**Task statement:** Using the records below, write out again exactly the lines that begin at the line containing "RETRO ARMS CNC" and end at the line containing "Noiseweek #47 Saison 3", and no other lines.

**Exercise materials:**
BEGIN
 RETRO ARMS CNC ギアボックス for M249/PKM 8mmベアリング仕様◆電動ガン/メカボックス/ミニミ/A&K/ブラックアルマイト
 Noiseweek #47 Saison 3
END
BEGIN
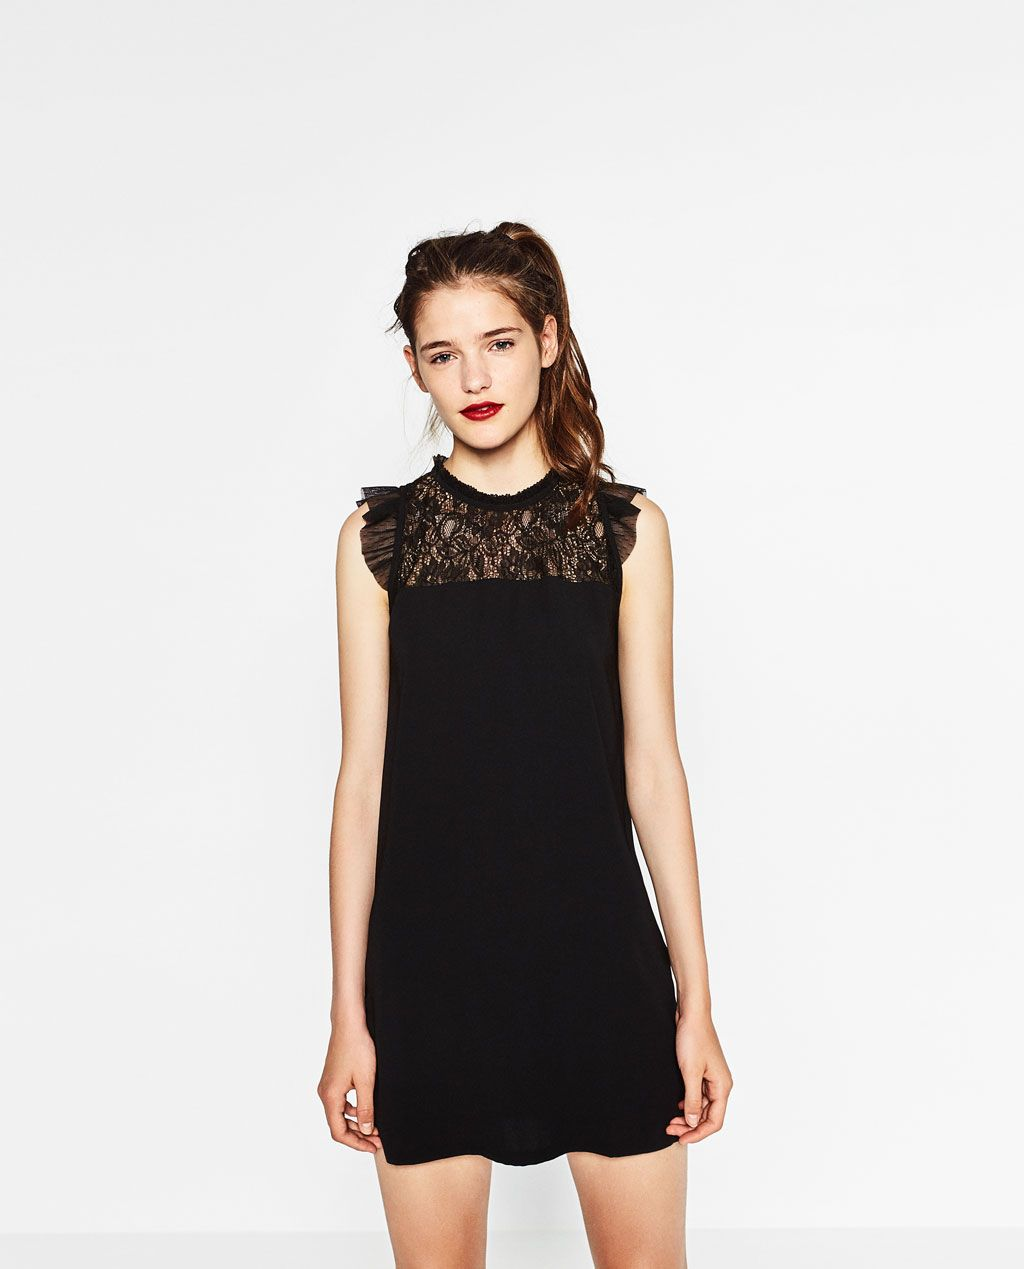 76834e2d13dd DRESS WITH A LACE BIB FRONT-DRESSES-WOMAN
END
BEGIN
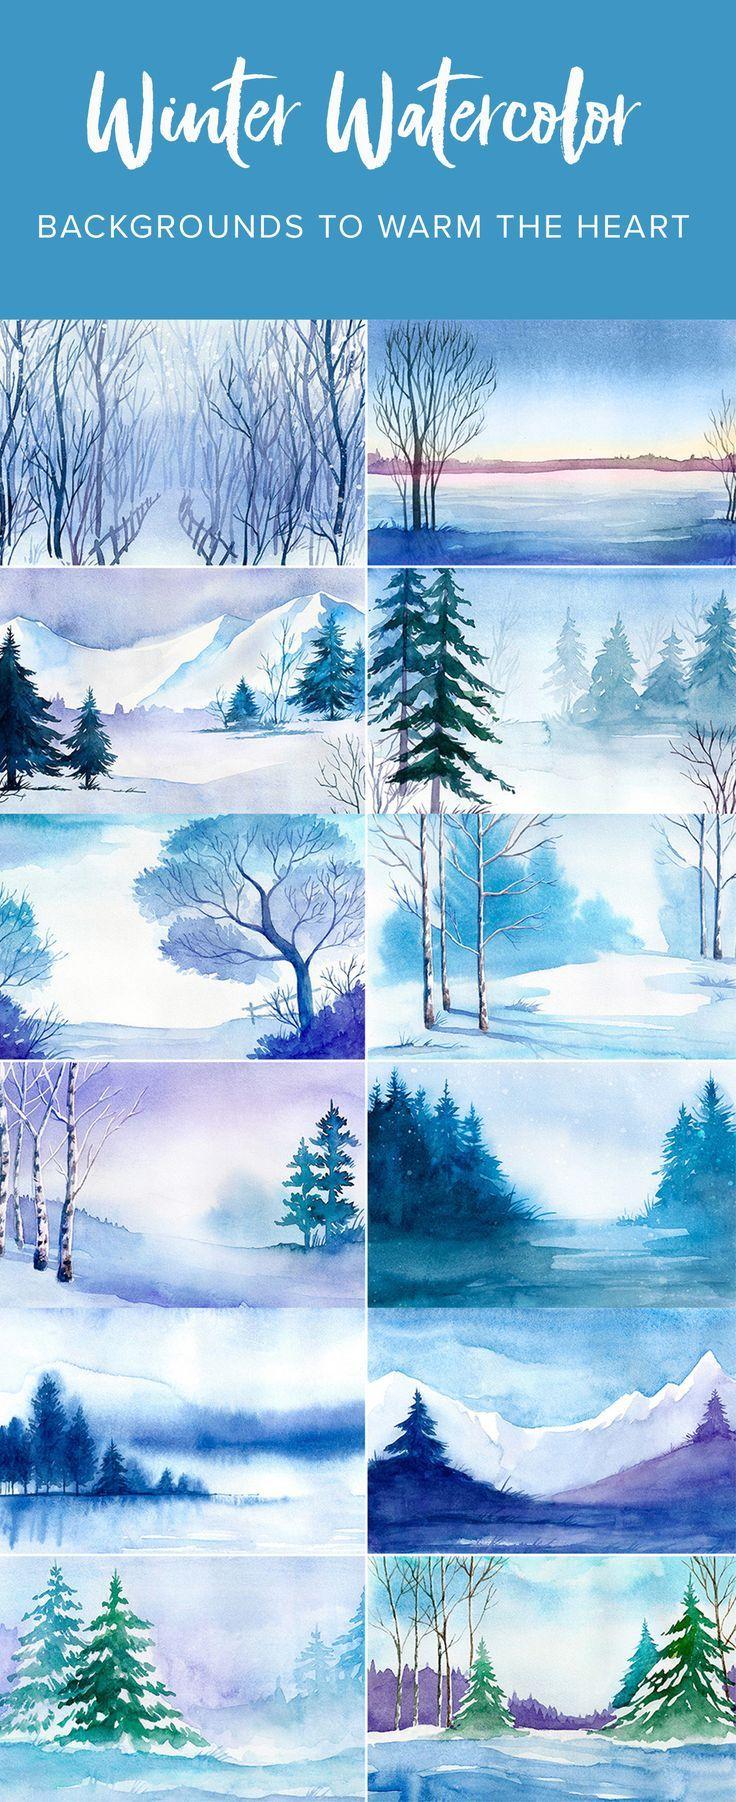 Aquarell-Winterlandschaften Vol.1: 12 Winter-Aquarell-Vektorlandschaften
END
**Task solution:**
 RETRO ARMS CNC ギアボックス for M249/PKM 8mmベアリング仕様◆電動ガン/メカボックス/ミニミ/A&K/ブラックアルマイト
 Noiseweek #47 Saison 3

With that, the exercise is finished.